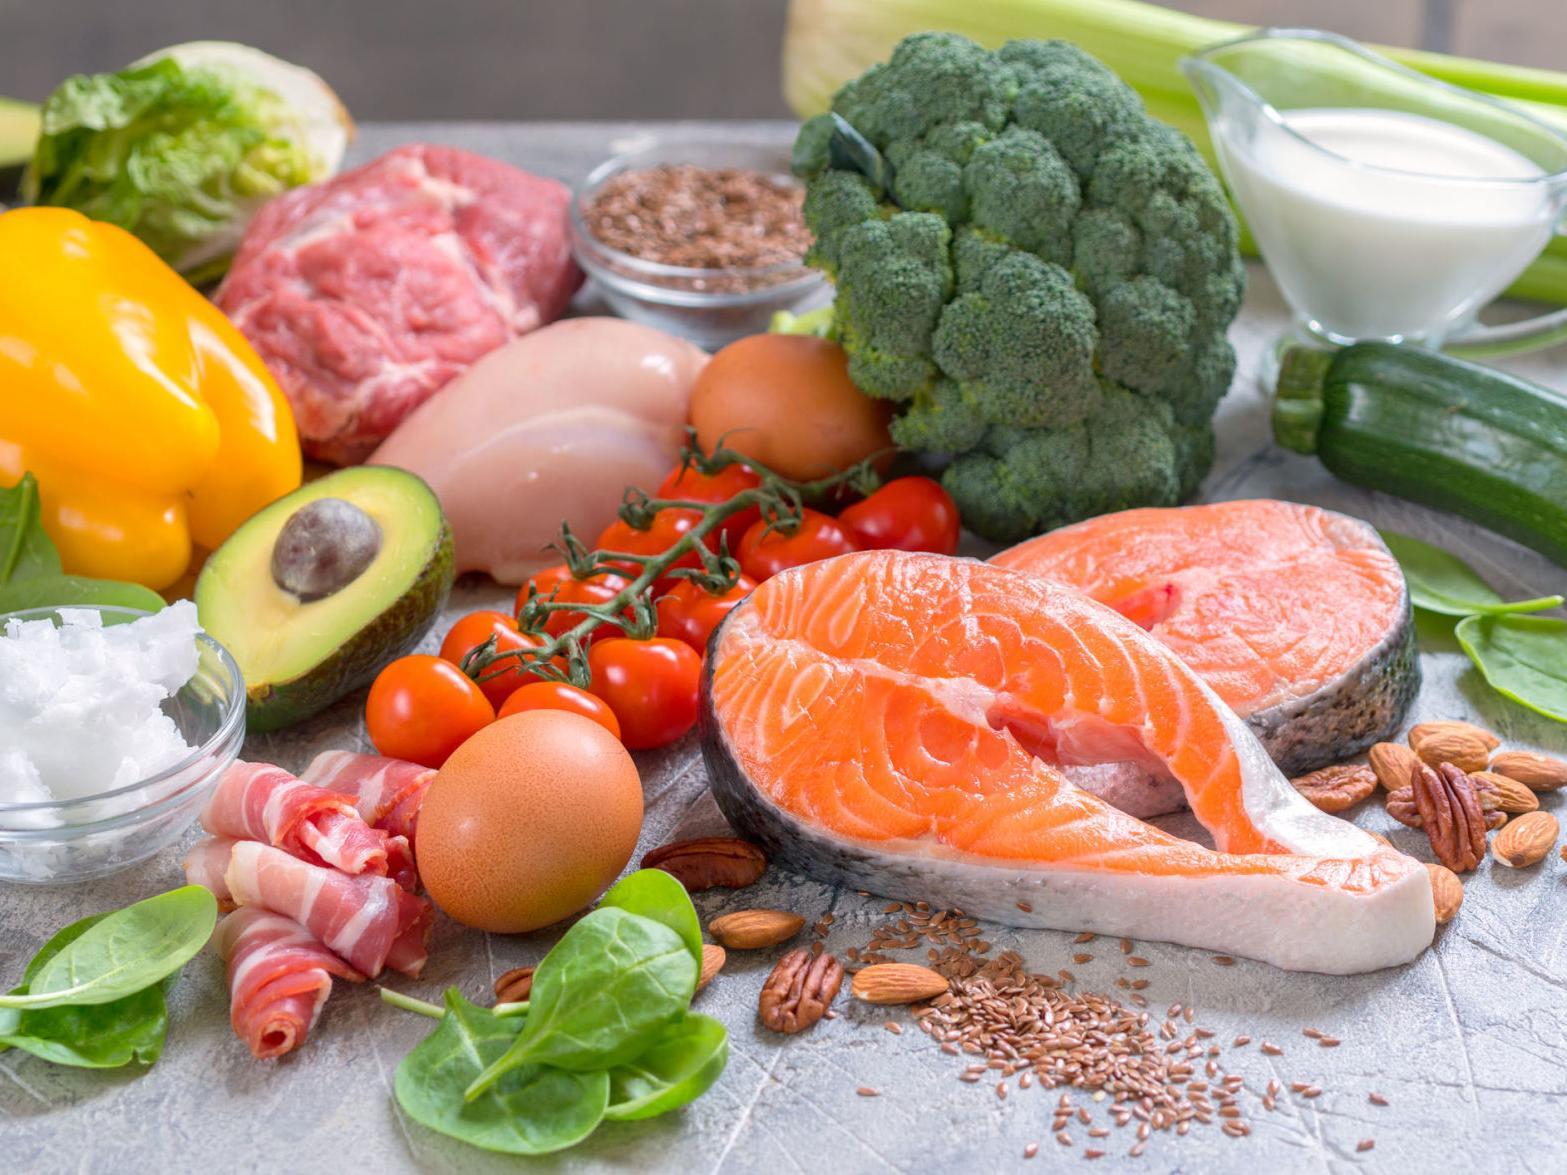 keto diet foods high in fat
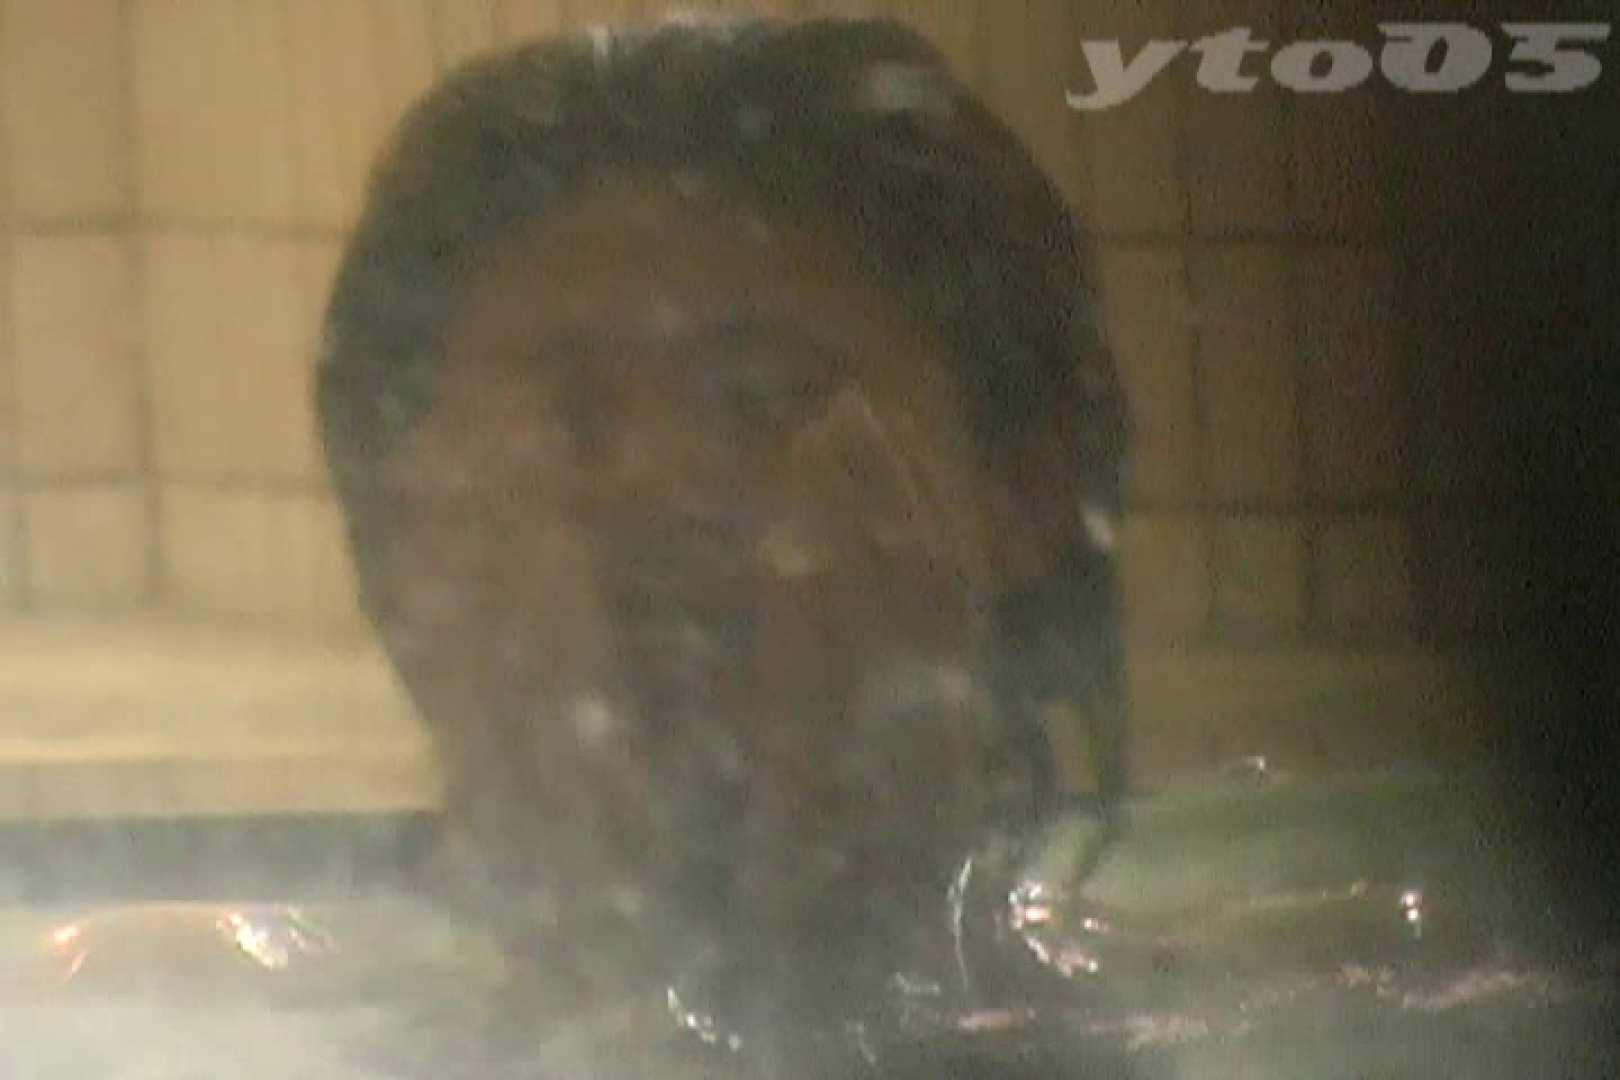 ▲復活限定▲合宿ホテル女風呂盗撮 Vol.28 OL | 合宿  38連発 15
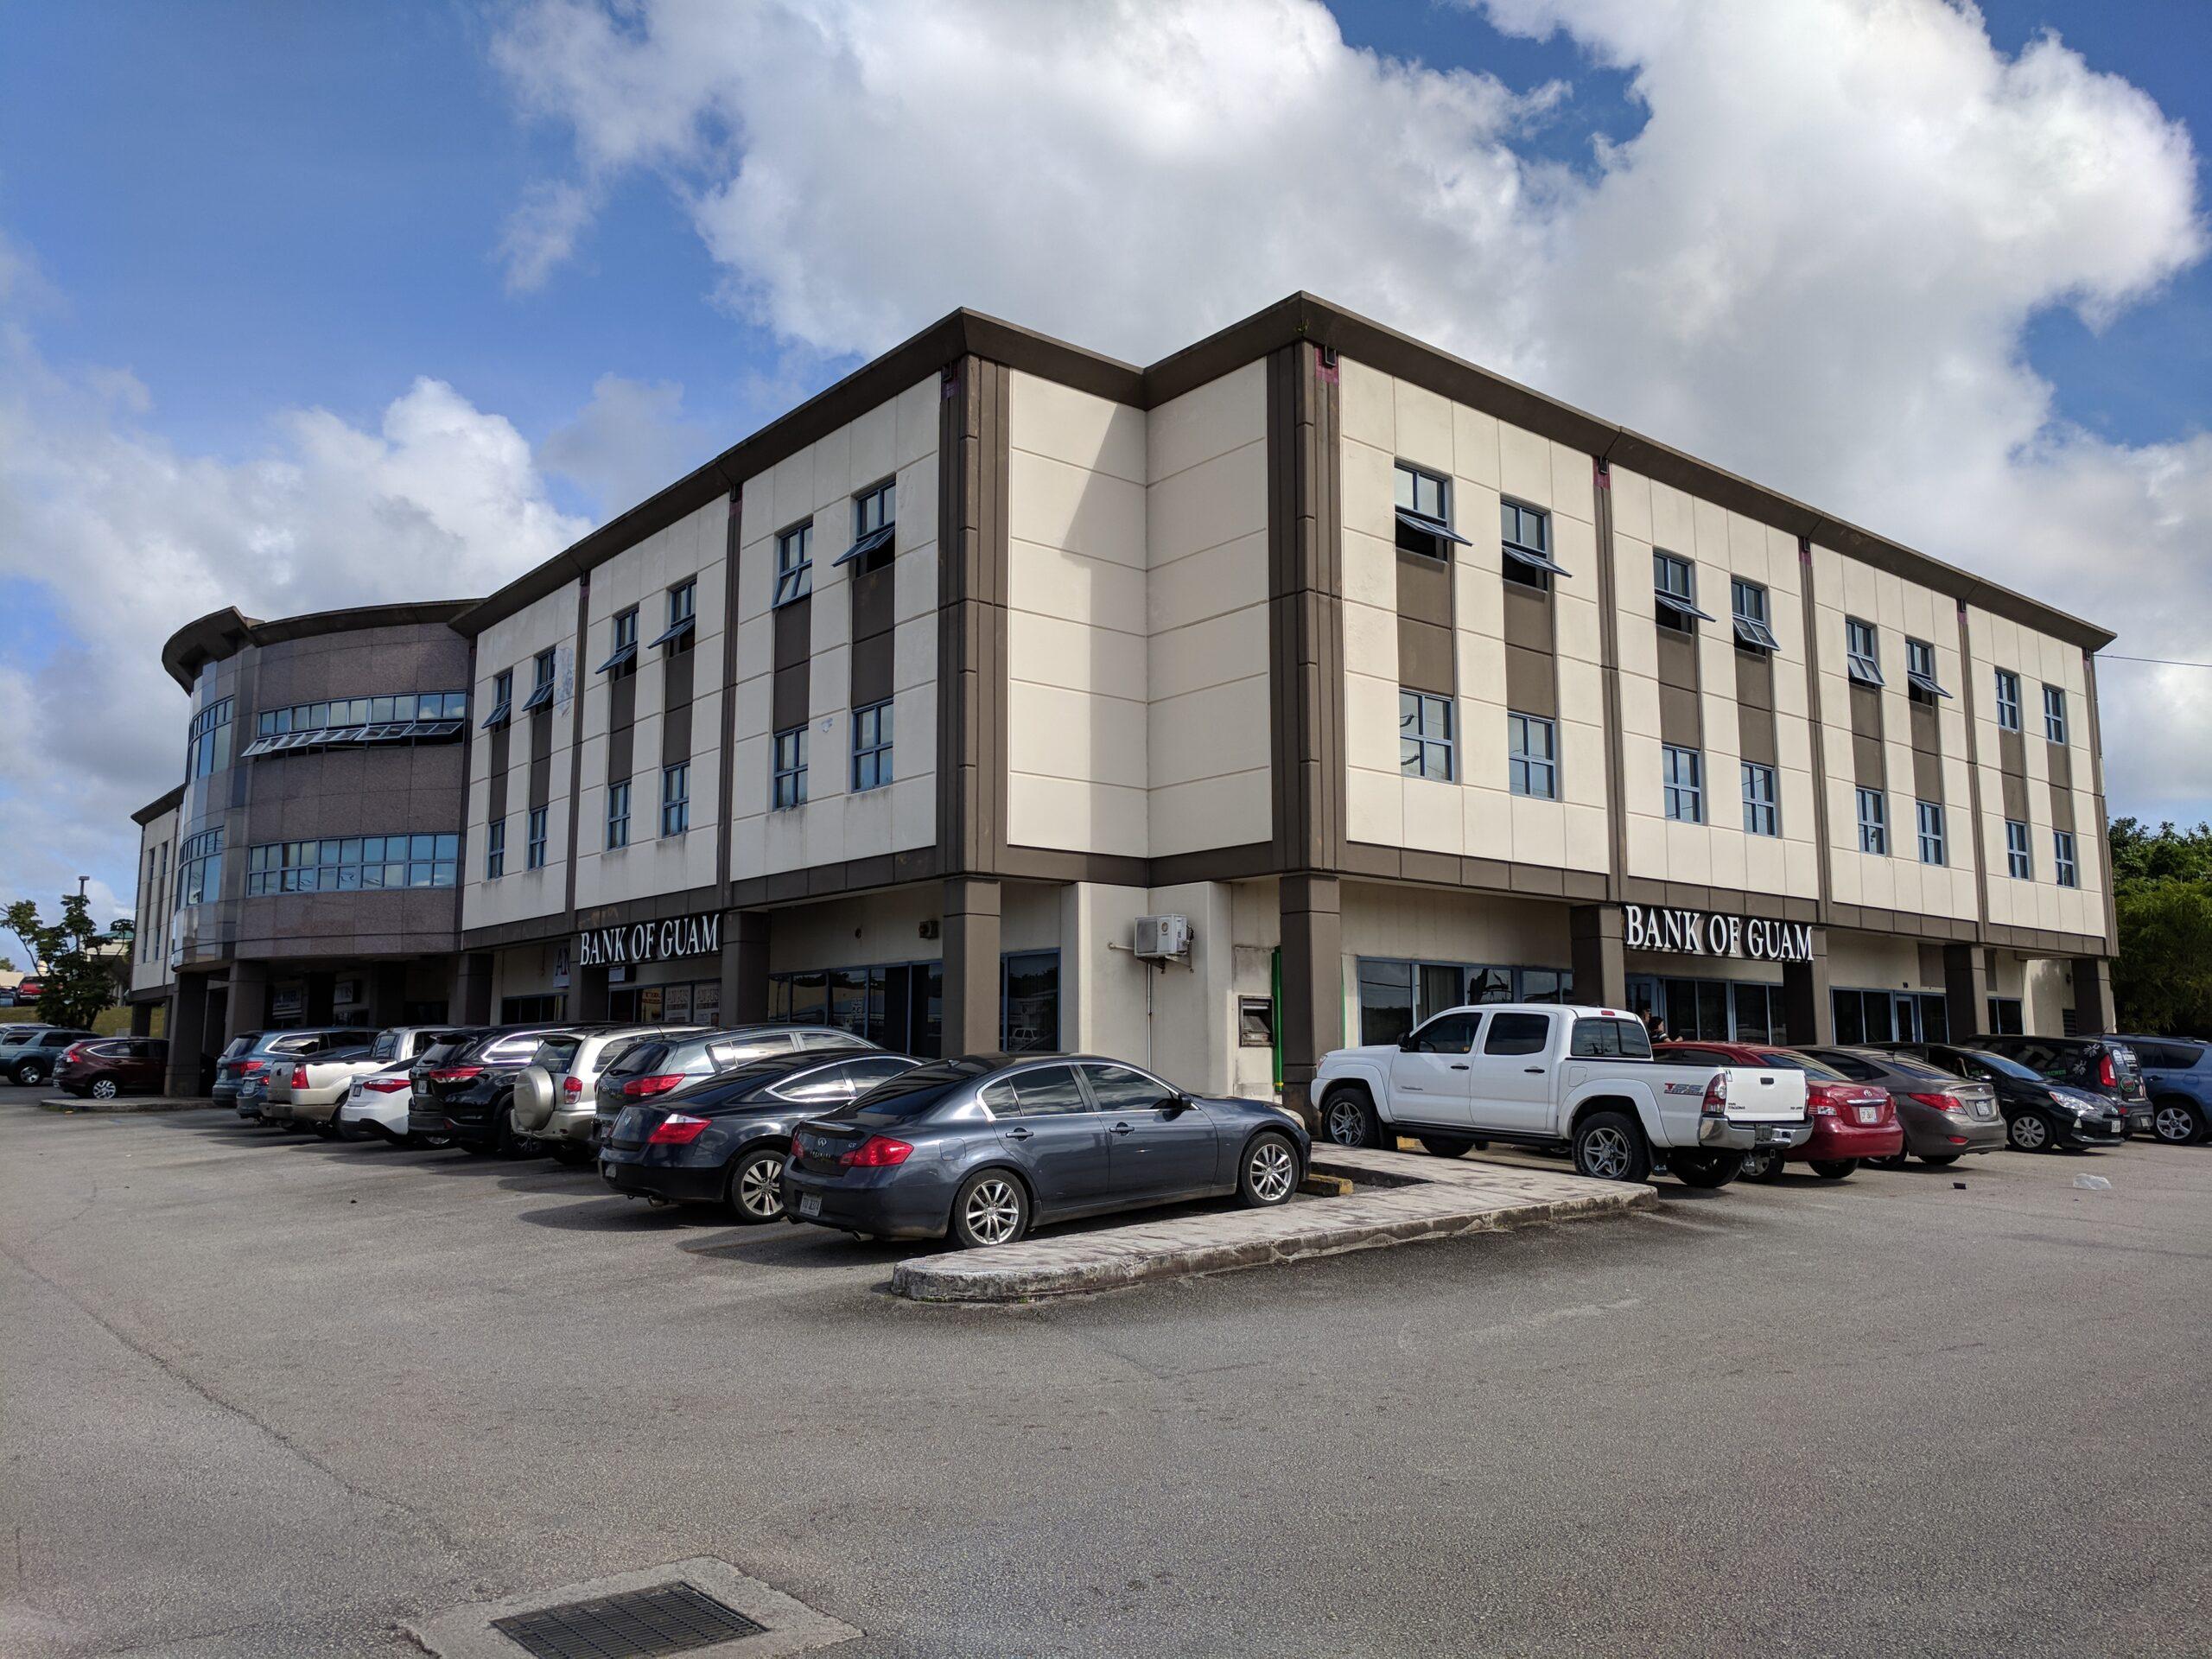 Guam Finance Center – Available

§ **YOUR OBJECTIVE**
In your answer, set down the full listing word for word and include no pictures.

§ **REPLY TO THE TASK**
 keto diet foods high in fat
 ▲復活限定▲合宿ホテル女風呂盗撮 Vol.28 OL | 合宿  38連発 15
 Guam Finance Center – Available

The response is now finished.